The largest rectangular area in the parabola, mathematics is superior!!

2x [(1 36)(x 2) +36 ] = area, 2x is the rectangular length on the axis.

00，-1/36)(x^2) +36>0

So according to 2xy x +y

2x [(1 36)(x 2) +36 ] x +[1 36)(x 2) +36 ].

When x=[(-1 36)(x 2) +36 ], take the equal sign.

First, analyze x=[(-1 36)(x2) +36].

After simplification, there are x 2 + 36 x = 1296

The recipe has (x+18) 2=1296+18 2=1296+324=1620

Solve x+18 = 18 root number 5

x = 18 root numbers 5-18

Because x>0, x=18 root numbers 5-18

So the maximum area = x + [1 36) (x 2) +36 ].

18 root No. 5-18) +1 36) (18 root No. 5-18) 2 + 36 ].

18 (root number 5-1) +1 36) 18 (root number 5-1) 36 ].

18 (root number 5-1) +9 (root number 5-1) 36 ].

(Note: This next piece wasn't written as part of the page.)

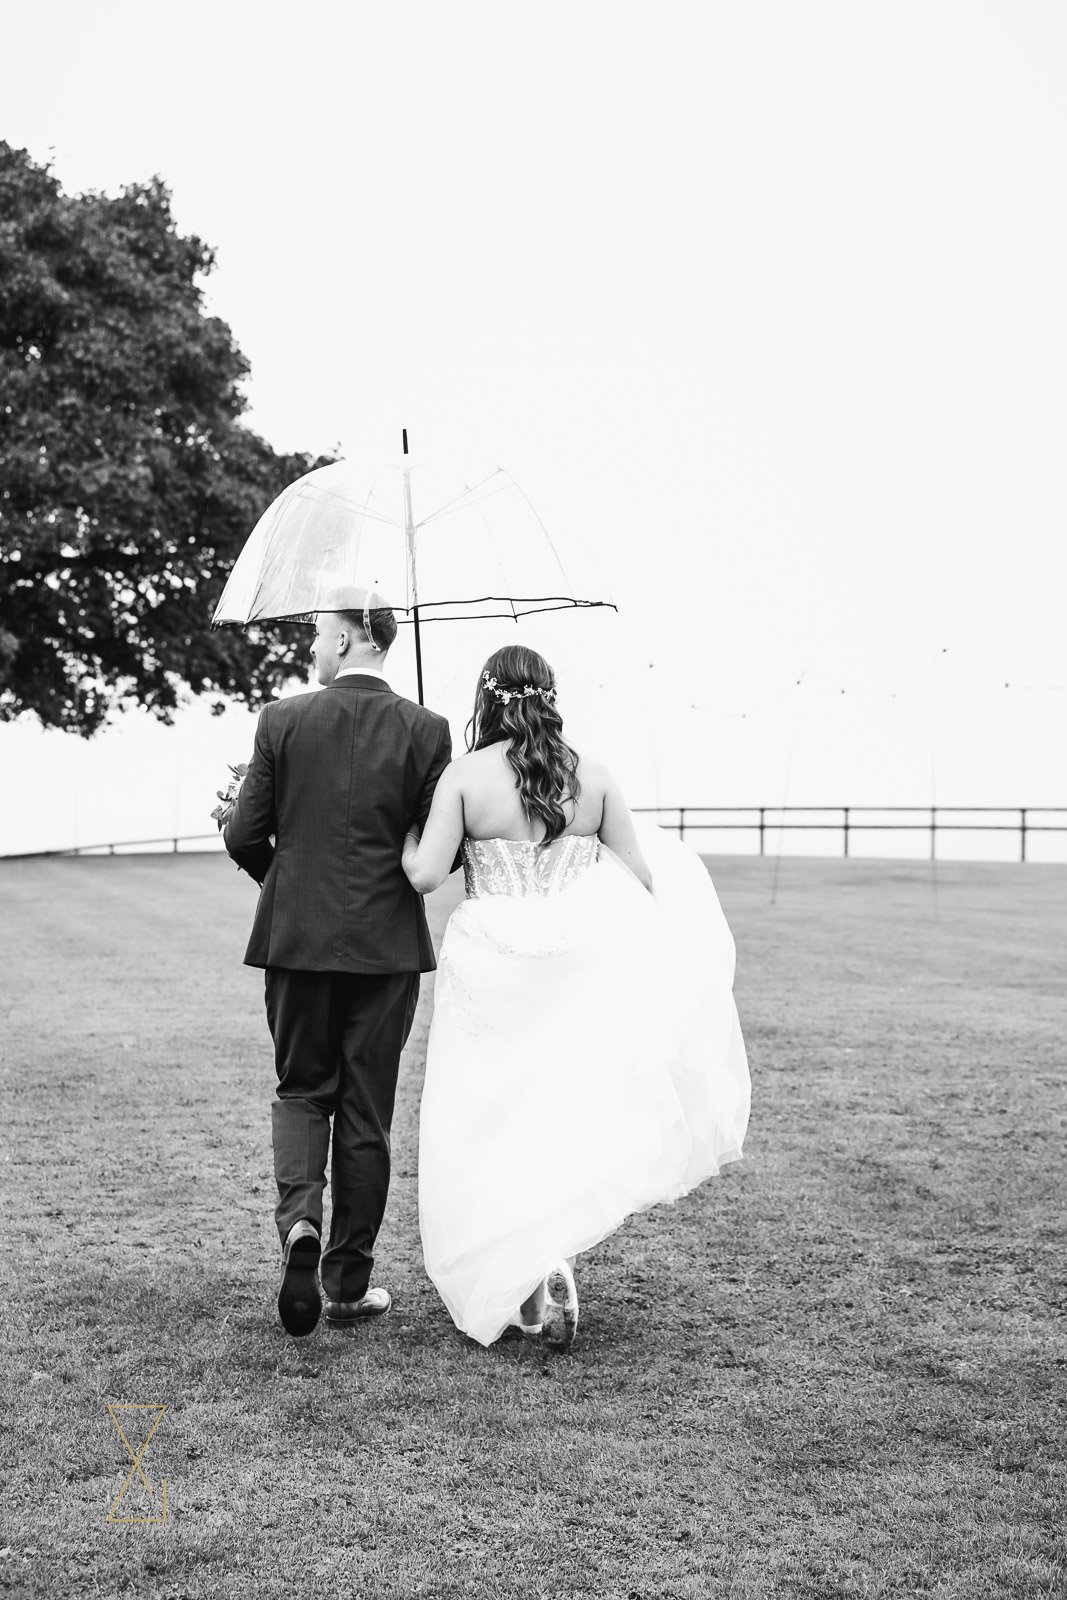 Rain-on-wedding-day-tips-45.jpg

18 (root number 5-1) +9) (root number 5-1) (root number 5-1) 2*36*(-9) (root number 5-1) +36

324 (6-2 root number 5) + 81 (56-24 root number 5) -648 (6-2 root number 5) + 1296

1944-648 root number 5 + 4536-1944 root number 5-3888 + 1296 root number 5 + 1296

3888-1296 root No. 5

Because the root number 5 is approximately equal to.

So the above equation is approximately equal to.

I don't know if you've learned the image of the function 3 times.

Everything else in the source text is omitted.